07.23.2005 14:16

Search for life on Titan will look at hydrogen, acetylene levels


As the Huygens probe descended through Titan's atmosphere, it sent data on the chemical make-up of the atmosphere. The data stream is being analyzed to break out readings on the hydrogen and acetylene concentrations.

New Scientist reports in Has Huygens found life on Titan? that Chris McKay and Heather Smith, of NASA's Ames Research Center in Moffet Field, California and the International Space University in Strasbourg, France, respectively, 'have worked out the likely diet of such organisms on Titan.'
McKay and Smith calculate that if methanogens are thriving on Titan, their breathing would deplete hydrogen levels near the surface to one-thousandth that of the rest of the atmosphere. Detecting this difference would be striking evidence for life, because no known non-biological process on Titan could affect hydrogen concentrations as much. ...
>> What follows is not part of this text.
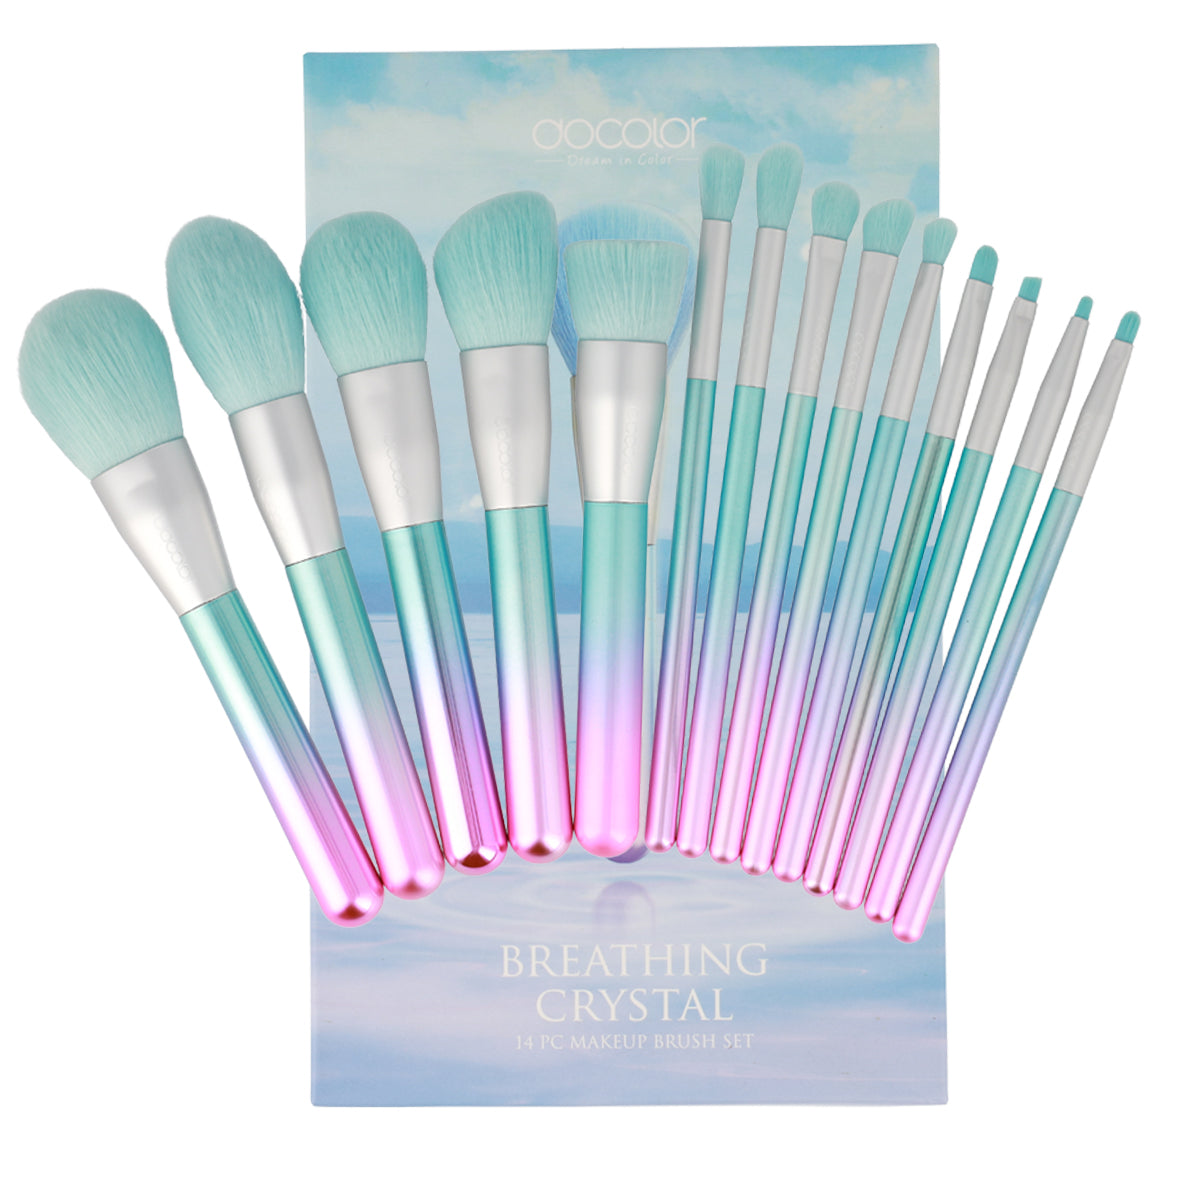 Docolor 14  pieces Breathing Crystal Makeup Brush Set
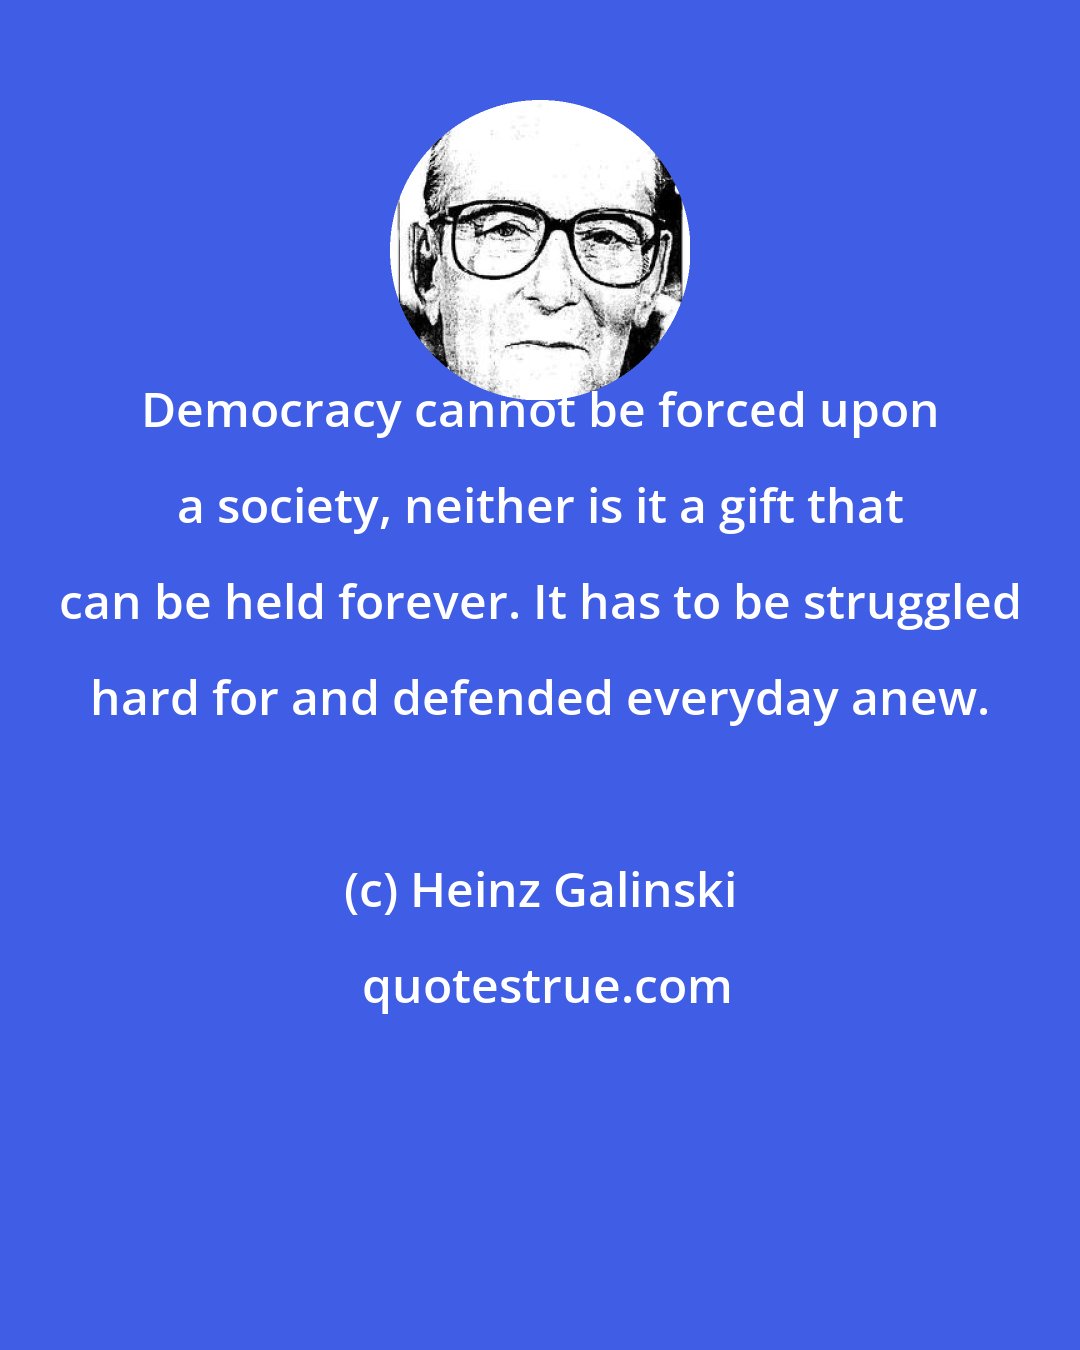 Heinz Galinski: Democracy cannot be forced upon a society, neither is it a gift that can be held forever. It has to be struggled hard for and defended everyday anew.

It will take time to analyse the raw data, partly because hydrogen's signal will have to be separated from those of other molecules. "Eventually, I hope, we will have numbers for at least upper limits for hydrogen," says Hasso Niemann of Goddard Space Flight Center in Maryland, principal investigator of the GCMS [the instrument which recorded atmosphereic chemical composition on descent and landing].

Acetylene could be easier to analyse, McKay says, and it too might betray life. "I would guess that there would be a similar fall-off of acetylene if the microbes are eating it." The work is to be published in the journal Icarus.
No timeframe is given for when results will appear.